This comment has been minimized.

Copy link
Author

commented Apr 27, 2018

in our testing, we have found that only the options single-request-reopen change actually addresses this issue. Its a band-aid-- but dns lookups are fast, so we get aberrations of like 100ms, not 5 seconds,w hich is acceptable for us.

Now we're trying to figure out how to inject that into resolv.conf on all the pods. Anyone know how to do that?

@btalbot

This comment has been minimized.

Copy link

commented Apr 27, 2018

I found this hack in some other related github issues and it's working for me

apiVersion: v1
data:
  resolv.conf: |
    nameserver 1.2.3.4
    search default.svc.cluster.local svc.cluster.local cluster.local ec2.internal
    options ndots:3 single-request-reopen
kind: ConfigMap
metadata:
  name: resolvconf

Then in your affected pods and containers

        volumeMounts:
        - name: resolv-conf
          mountPath: /etc/resolv.conf
          subPath: resolv.conf
...

      volumes:
      - name: resolv-conf
        configMap:
          name: resolvconf
          items:
          - key: resolv.conf
            path: resolv.conf
@dcowden

This comment has been minimized.

Copy link
Author

commented Apr 27, 2018

@btalbot thanks for posting that. That would definitely work in a pinch!

we use kops for our cluster, and the this seems promising. But i'm still learning how it works

@Quentin-M

This comment has been minimized.

Copy link

commented May 1, 2018

Experiencing the same issue here. 5s delays on every, single, DNS lookup, 100% of the time. Similarly, insert_failed does increase for each DNS query. The AAAA query, that happens a few cycles after the A query, gets dropped systematically (tcpdump: https://hastebin.com/banulayire.swift).

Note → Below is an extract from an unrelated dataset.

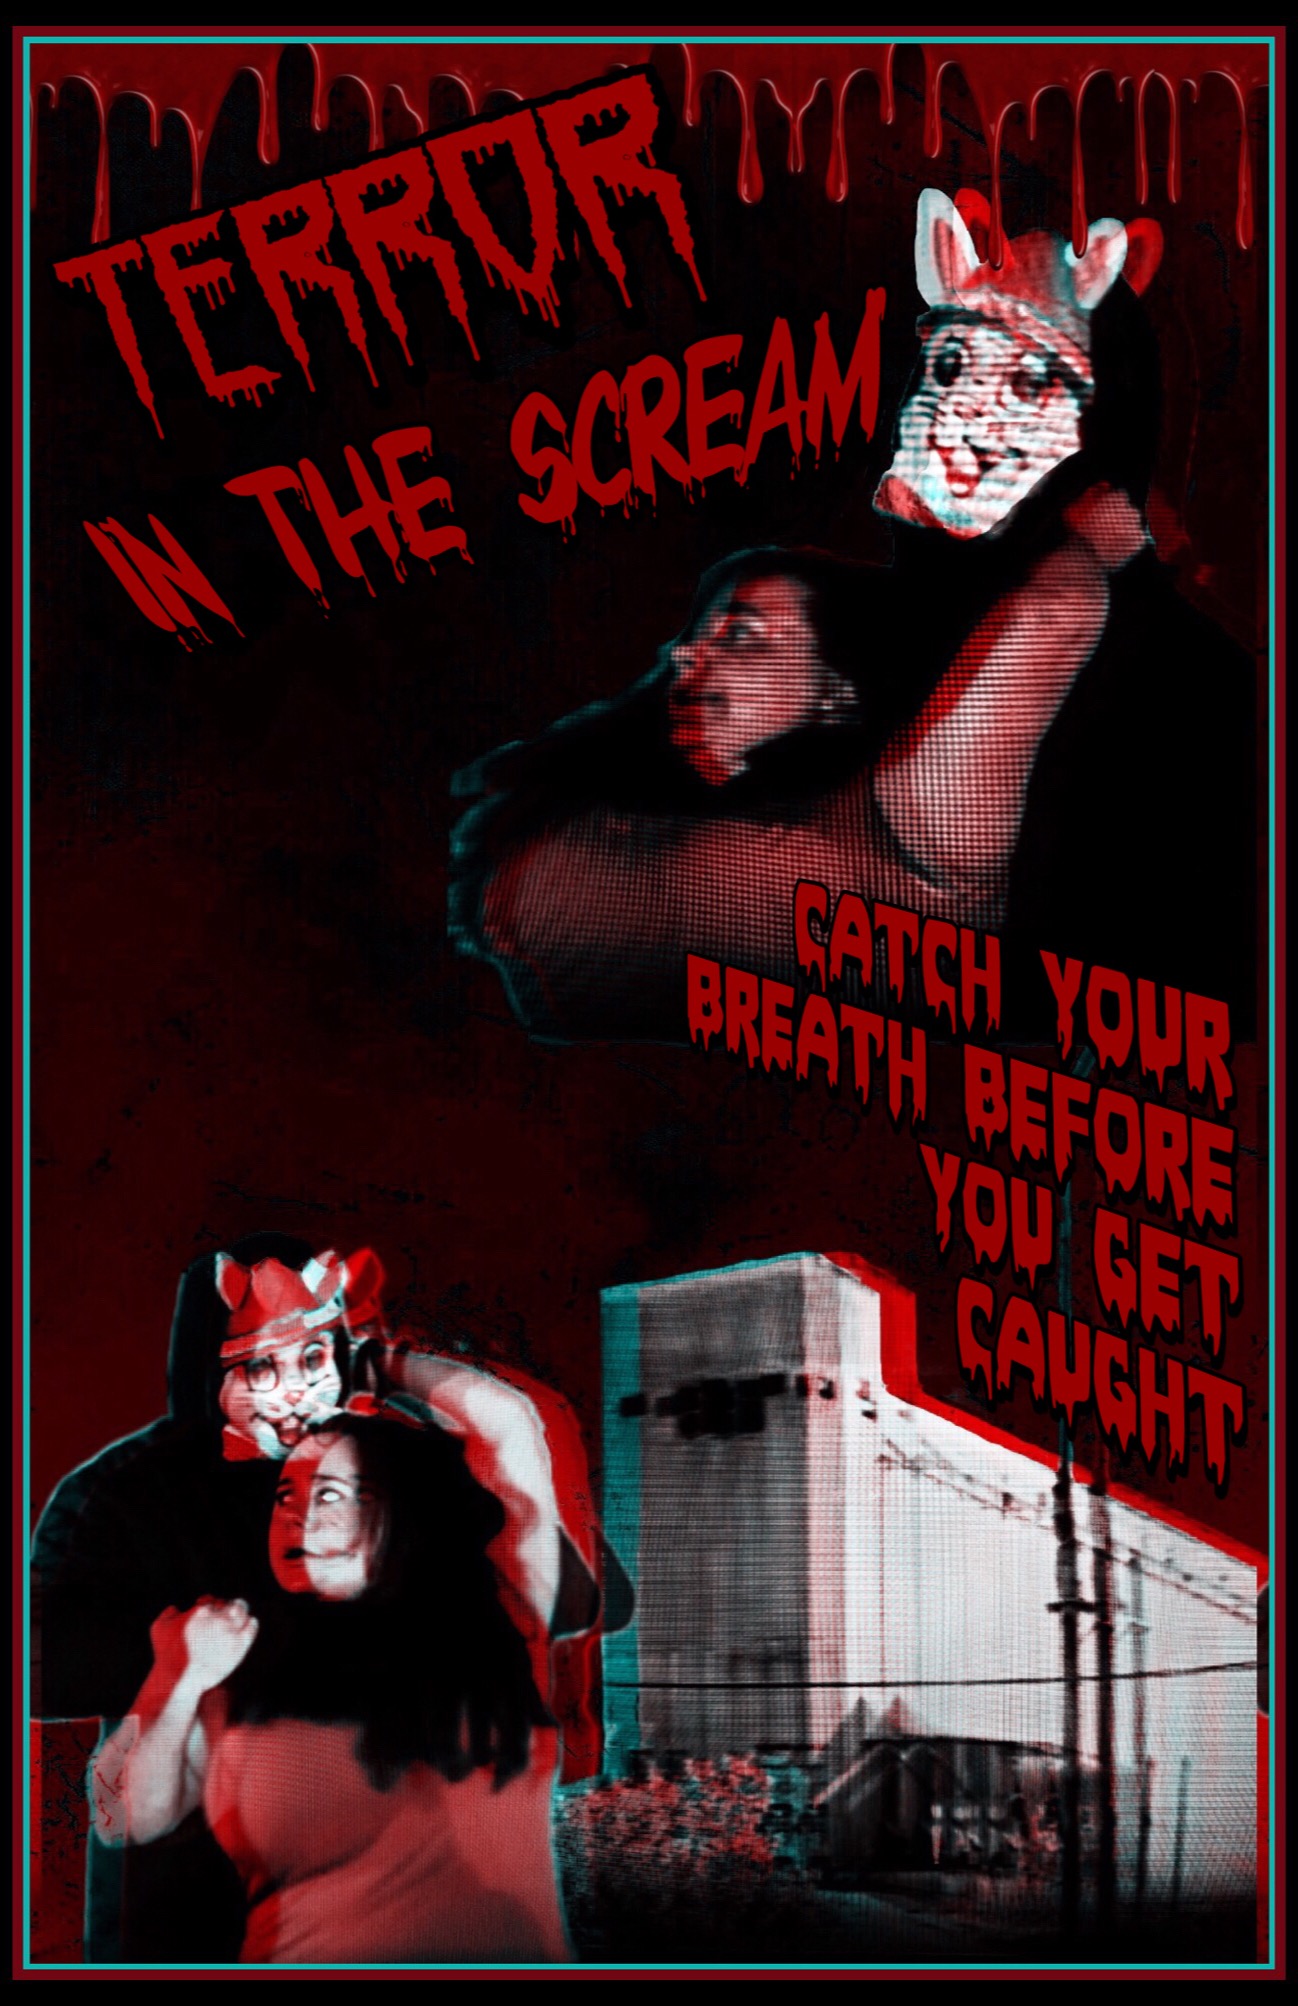 Terror in the Scream

Mounting a resolv.conf by hand in every single pod of our infrastructure is untenable.
kubernetes/kubernetes#62764 attempts at adding the workaround as a default in Kubernetes, but the PR is unlikely to land. And even if it does, it won't be released for a good while.

Here is the flannel patch: https://gist.github.com/maxlaverse/1fb3bfdd2509e317194280f530158c98

@dcowden

This comment has been minimized.

Copy link
Author

commented May 1, 2018

@Quentin-M what k8s version are you using? I'm curious why it's 100% repeatable for some but intermittent for others.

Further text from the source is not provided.